Far more explicable is Mr. Gallant’s popularity. He’s young, articulate, highly educated, passionate, personable, and telegenic. Most important of all, he hasn’t done anything yet. The moment he does, if given the chance a year from now, the tide will turn against him, as it has against the current premier. This is as certain as the ebb and flow of the Bay of Fundy.

The fact that Mr. Alward has made only mild tweaks, minor course corrections, to the province’s development during his time in Fredericton (he hasn’t threatened to sell of the power utility; he hasn’t touched the HST), and yet still earns a degree of opprobrium once reserved for public tax cheats, is telling.

It tells us that voters, en masse, no longer trust the office holder as much as they mistrust the office, itself.
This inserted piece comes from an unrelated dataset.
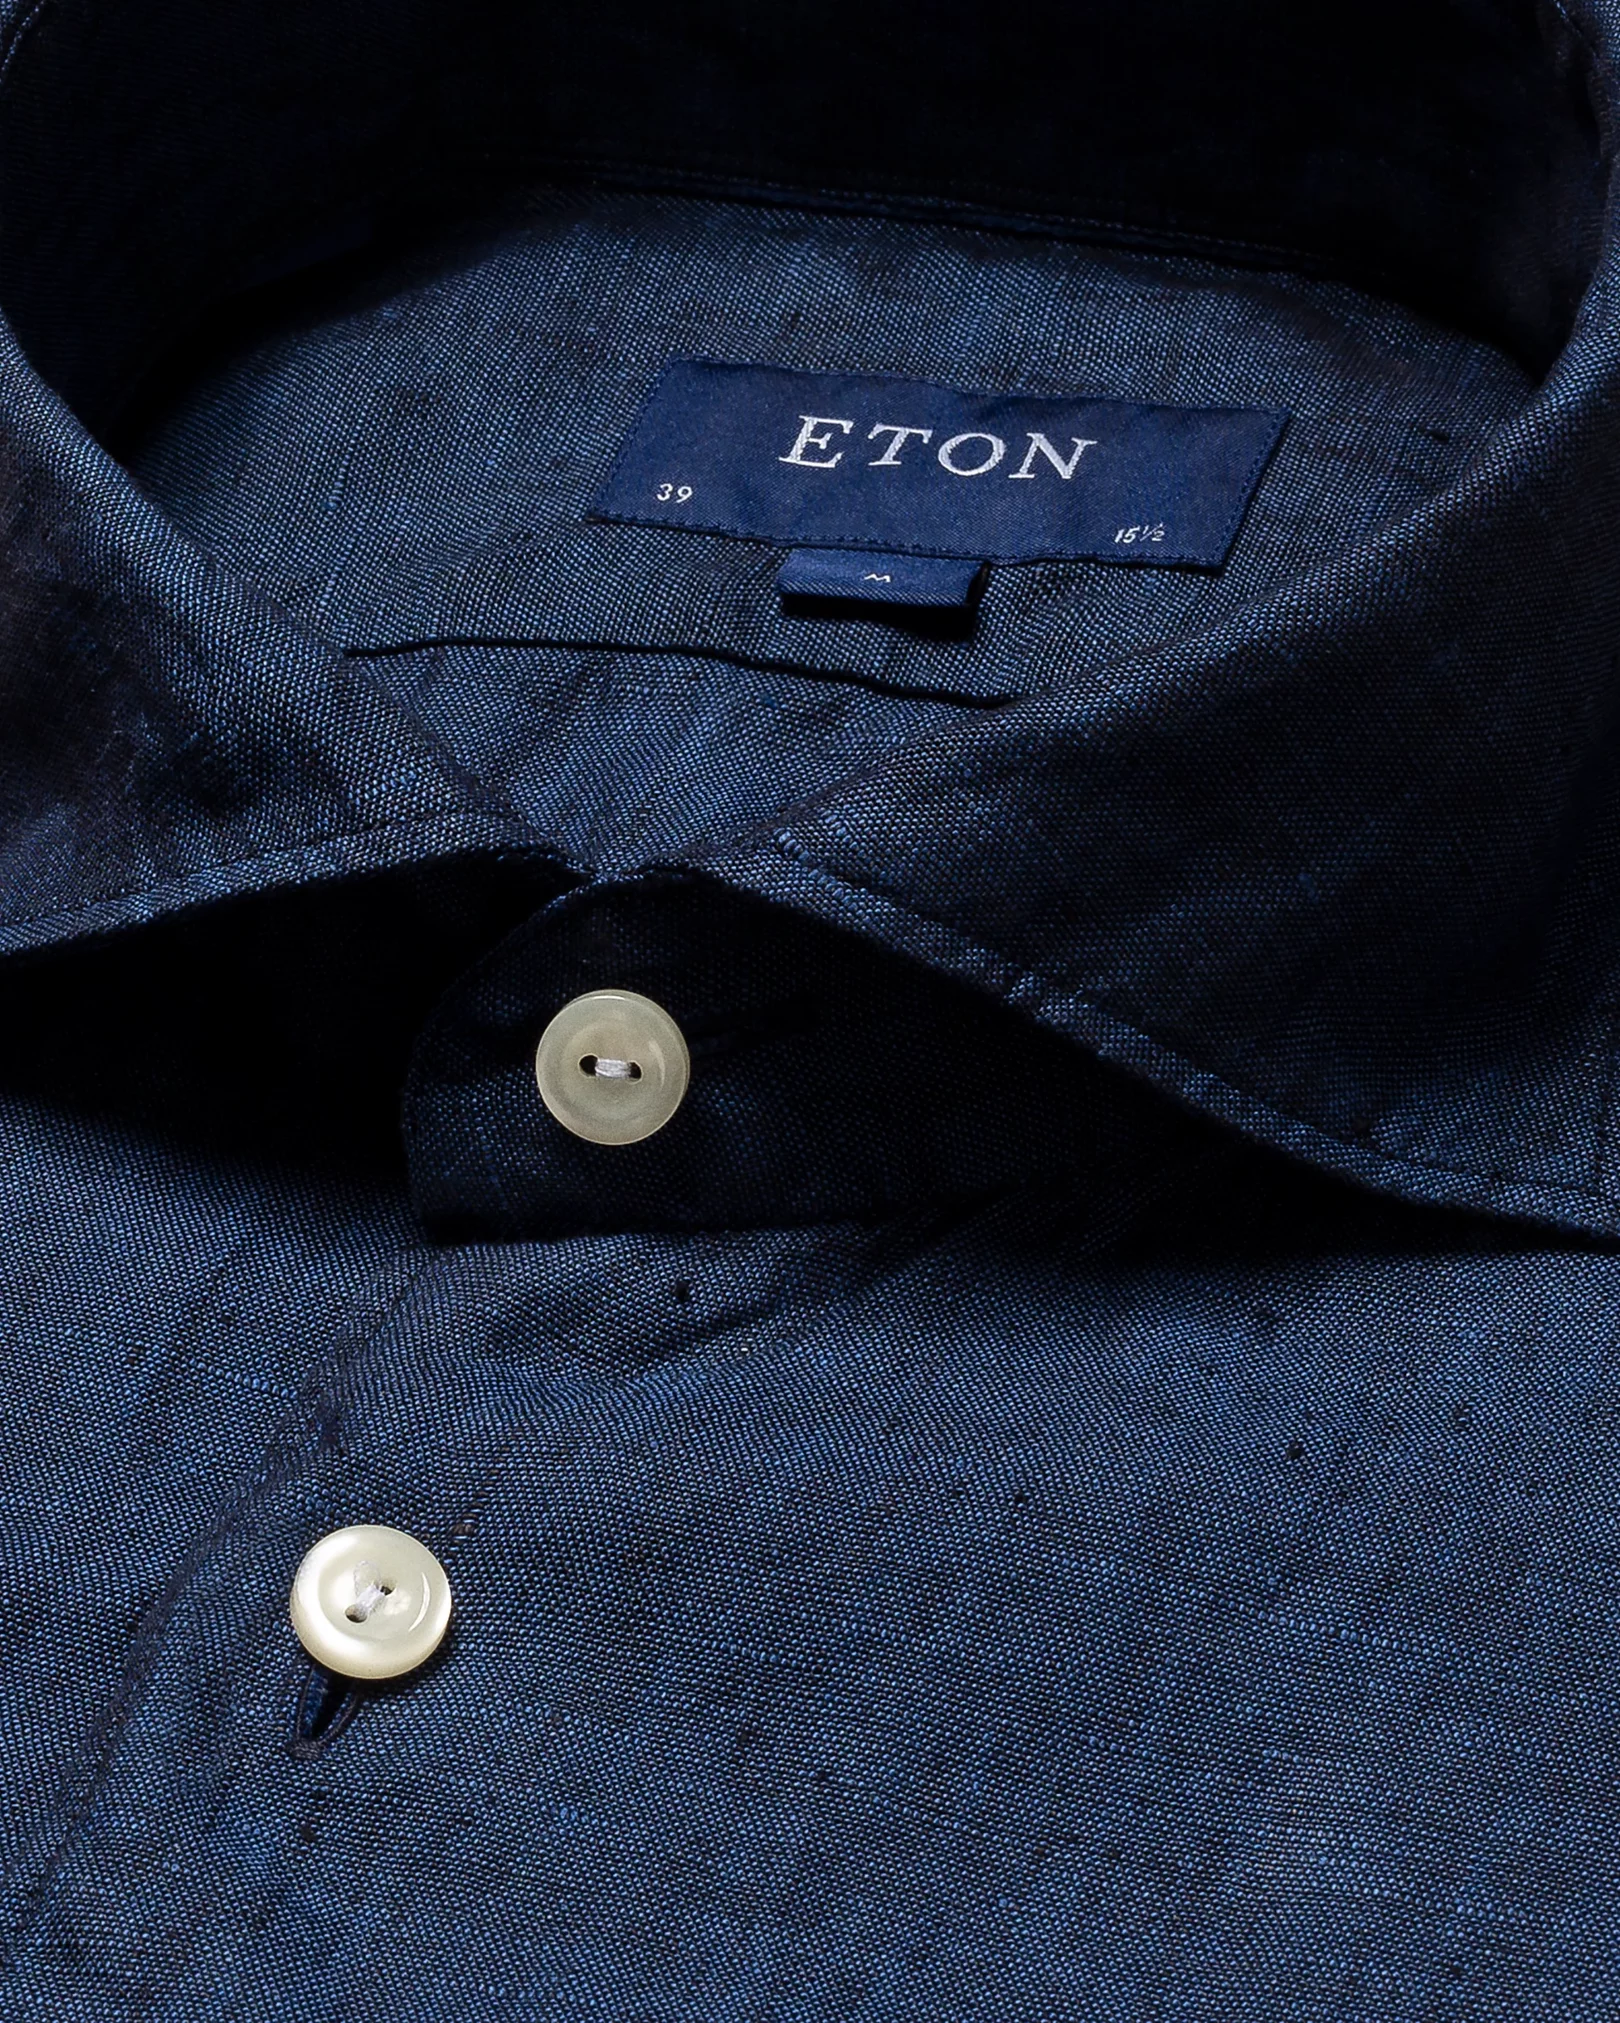 Eton - blue linen shirt wide spread

In this, they join the wave of contempt now sweeping across North America for all forms of mainstream politics – indeed, for governments deemed no longer to be for the people, by the people, of the people (an American construct, to be sure, but reasonably applicable to Canuckistan).

In such circumstances, people turn inward when they should gazing outward. And any politician who entreats them to observe the better angels of their democratic nature gets slapped down hard.

Still, if this now goes with the territory of elected representation in this province, in this country, there’s little to be gained by embarking on that journey with half measures. Ironically, the sole justification for a Gallant premiership would be found in the degree to which it continues the work of the Alward one – only faster, more deliberately and, frankly, more outrageously.

A province whose population could fit into a suburb of Toronto with room to spare should not post structural annual deficits of $500 million. It should not carry $11 billion in longterm debt. Doing so compromises every social program, every infrastructure project necessary to support economic progress.

How, finally, would Mr. Gallant’s Grits solve this hoariest of New Brunswick’s problems? Would they trim government spending, incrementally, as Mr. Alward’s team have? Would they bring a meat cleaver to the operating table? Or is there an approach that has, thus far, eluded us, but for which equal quantities of courage and ingenuity are urgently required?

As for tactics, would a new Liberal government embrace the politically expedient concept of public consultation as fulsomely as has the existing Progressive Conservative one? Would it be able to make a distinction between productive brainstorming and wasteful gum-flapping and act in the collective, rather than vested or special, interests of the province?

However a future Gallant government comports itself, it will not be popular. But if you’re destined to be punished for something, you might as well do the crime.